2. Amendment to Section 36(1)(va) and 43B by Finance Act, 2021:
The CIT(A) interpreted the amendments introduced by the Finance Act, 2021, which inserted Explanation-2 to section 36(1)(va) and Explanation-5 to section 43B. These explanations clarified that the provisions of section 43B shall not apply for determining the "due date" under section 36(1)(va) and for sums received by the assessee from employees. The CIT(A) held that the amendments were declaratory in nature and applied retrospectively by necessary intendment of deeming nature.
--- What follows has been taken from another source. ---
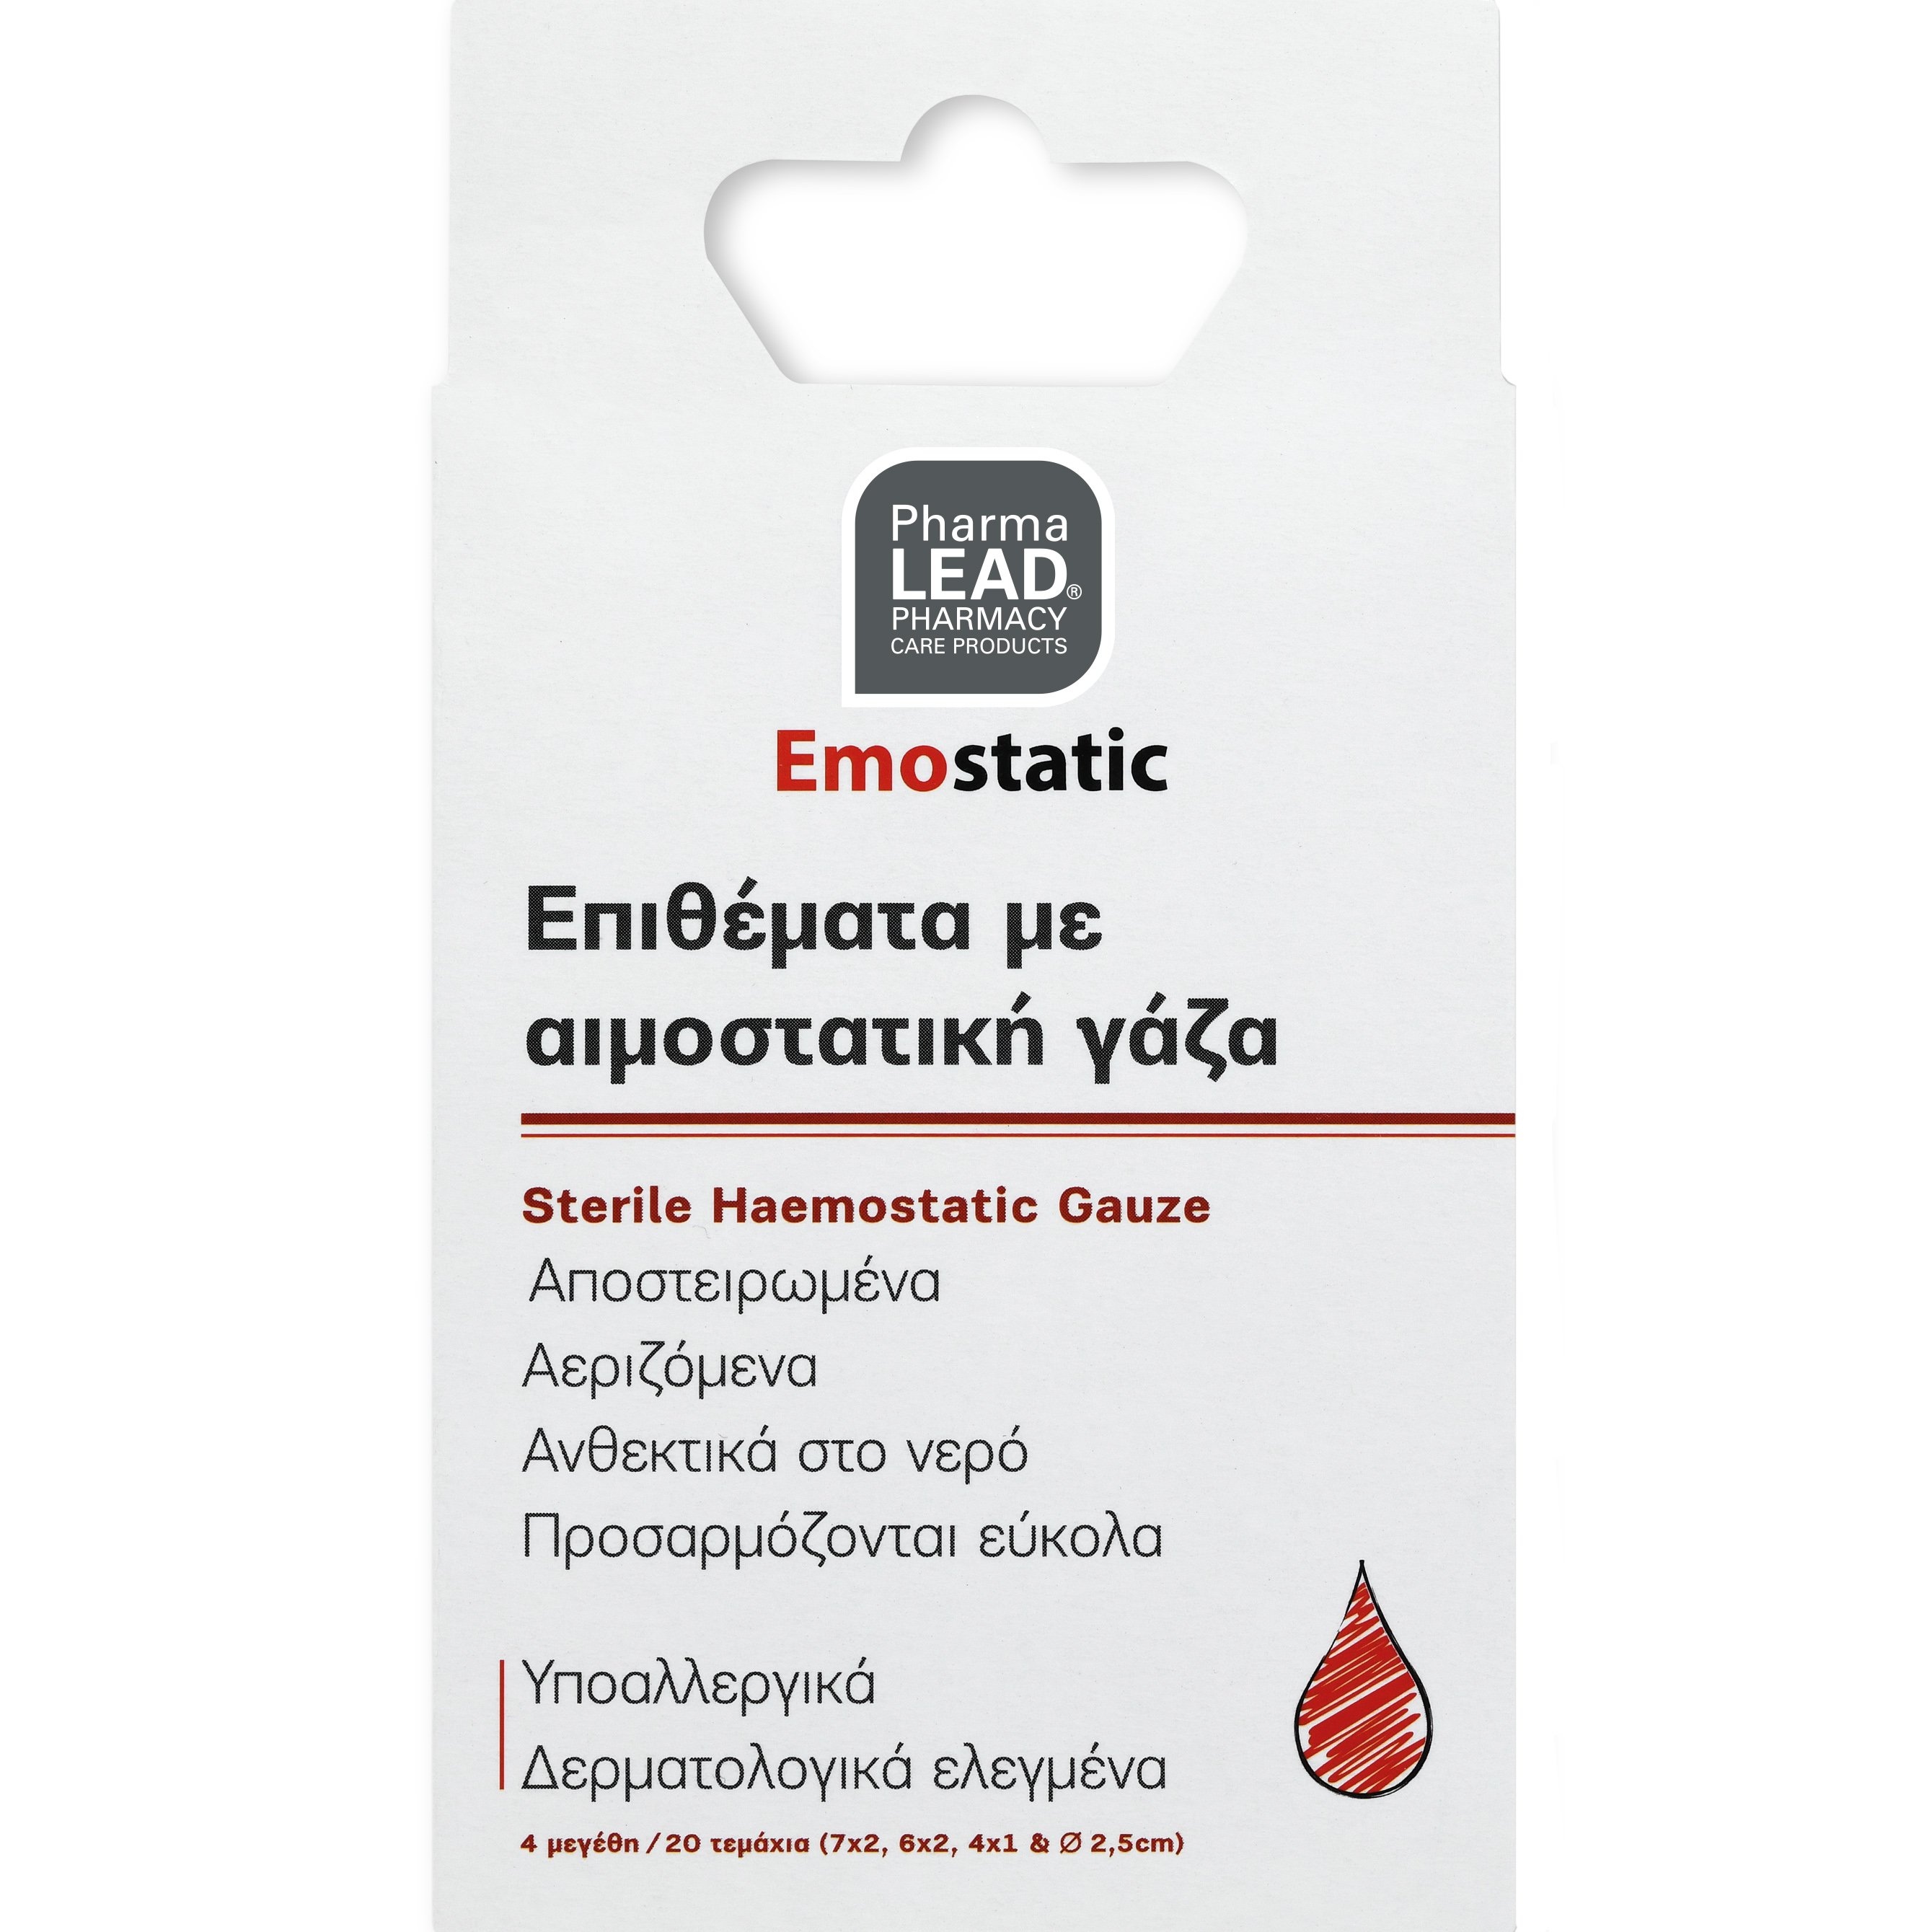 PharmaLead Pharmalead Emostatic Sterile Haemostatic Gauze Strips Επιθέματα με Αιμοστατική Γάζα για Αντιμετώπιση Πληγών σε 4 Διαφορετικά Μεγέθη 20 Τεμάχια
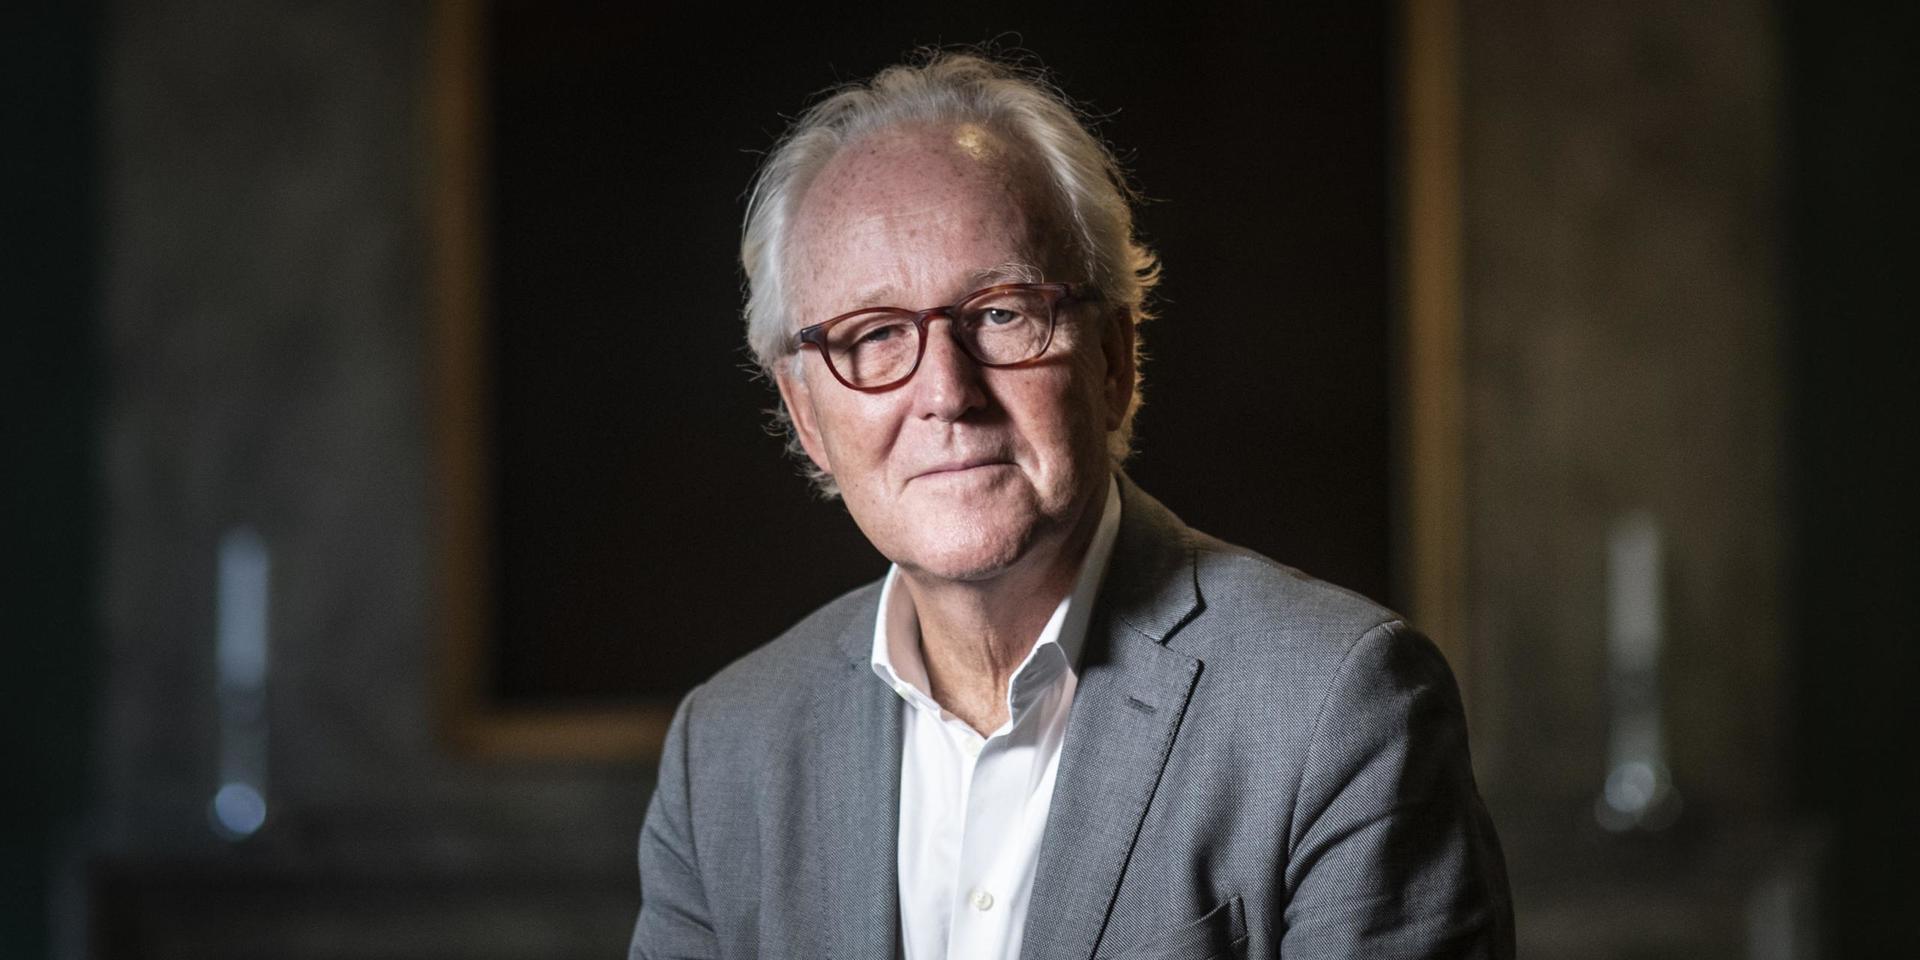 ”Det ska bli intressant att återknyta till det gamla”, säger Lars Heikensten om att gå tillbaka till nationalekonomin som ordförande i Finanspolitiska rådet. Nu fyller Nobelstiftelsens avgående vd 70 år.

3. Issue of Disallowance of Employee's Share of PF Contribution for AY 2019-20:
In AY 2019-20, a similar dispute arose regarding the employee's share of PF contribution. The CIT(A) made an identical addition to the total income. The assessee appealed before the Tribunal, presenting arguments supported by previous decisions. The Tribunal noted that the amendments by the Finance Act, 2021 were prospective, effective from 1.4.2021, and not applicable retrospectively. Relying on previous tribunal decisions, the Tribunal held that the impugned additions under section 36(1)(va) deserved to be deleted for both assessment years.

4. Conclusion:
The Tribunal allowed both appeals of the assessee, emphasizing that the amendments made by the Finance Act, 2021 were prospective and not applicable with retrospective effect. The decisions of the Tribunal were in line with the view that the impugned additions under section 36(1)(va) should be deleted for both assessment years. The judgment highlighted the legal distinction between employee's and employer's contributions and the impact of the amendments on the due dates and deductions under the Income Tax Act.